Magda Szatanek : mystères du corps-fantôme
Il existe un « flow » dans les autoportraits (les portraits aussi de Magda Szatanek. La créatrice inspire de nombreux photographes mais elle sait aussi « faire le travail » dans des prises (presque) contrôlées et qui ne débordent jamais (ou presque). Mais l’adverbe en parenthèses est chez elle travaillé à dessein pour jouer des ambiguïtés. Si dans certains autoportraits de l’artiste la température au sol ne doit pas être loin de 39°, parfois le cliché se rapproche de féeries plus glacées.

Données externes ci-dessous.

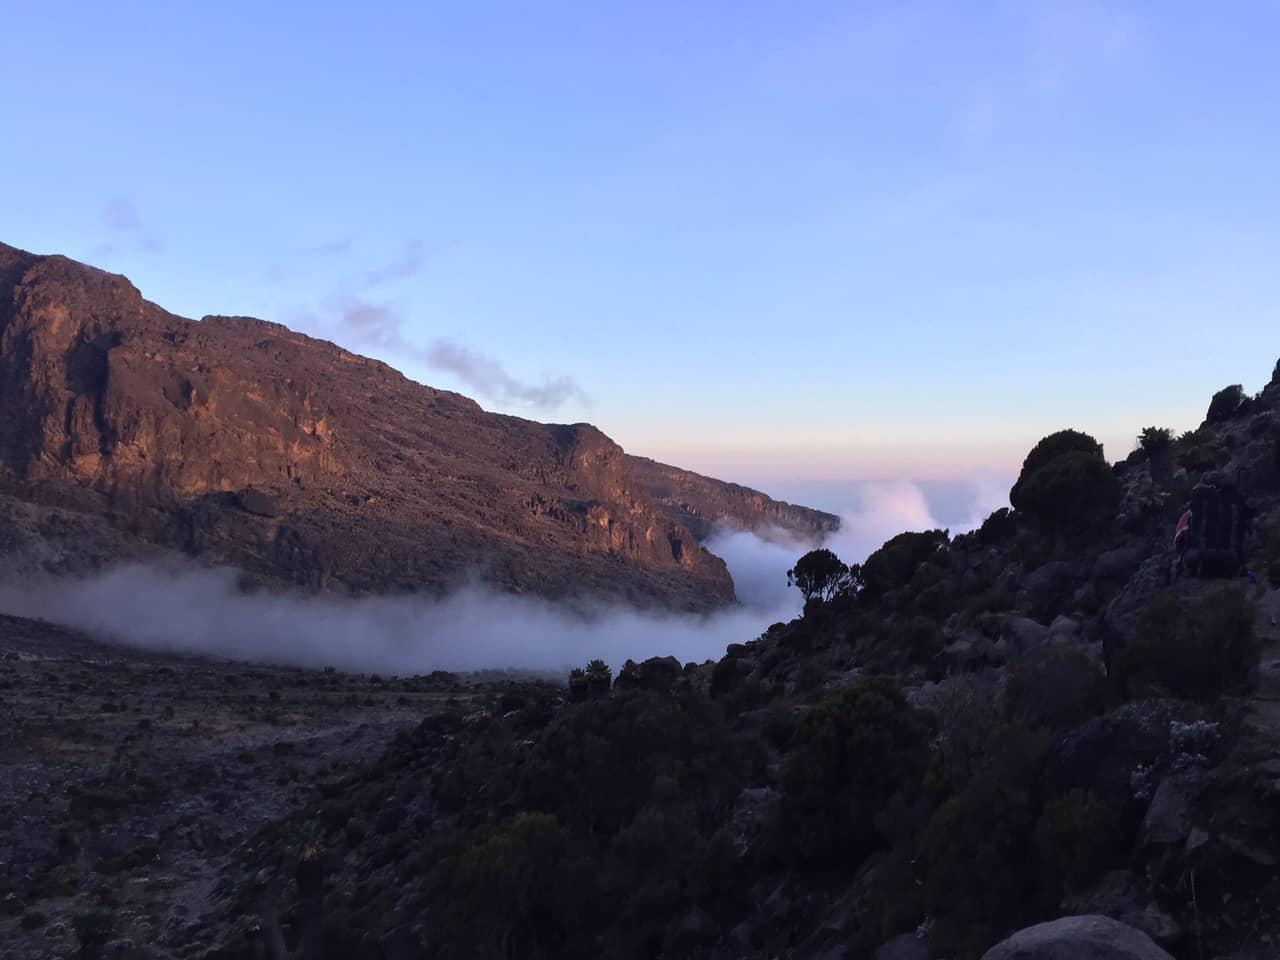 Fred's Kilimanjaro Journey 4

Tout est en frôlements dans le clair-obscur des émotions. Quelques dessous vaporeux désaxent des pensées, invitent à un dérèglement implicite et contrôlé dans ce que Julie Salin nomme avec ironie « la viande d’amour ».
Celle ci renverse la nuit en plein jour. Et Magda Szatanek en profite : devant comme derrière l’appareil elle se fait poreuse, éprise, auto-traversée peau à peau, déshabillée loin des parures même si demeurent les quelques étoffes du silence. La suavité feule dans la diaphanéité de l’air. Il remue à portée du geste à l’épreuve d’une réalité enfouie par la relève du corps d’une nouvelle Ophélie. Plus vivante aujourd’hui qu’hier et bien moins que demain.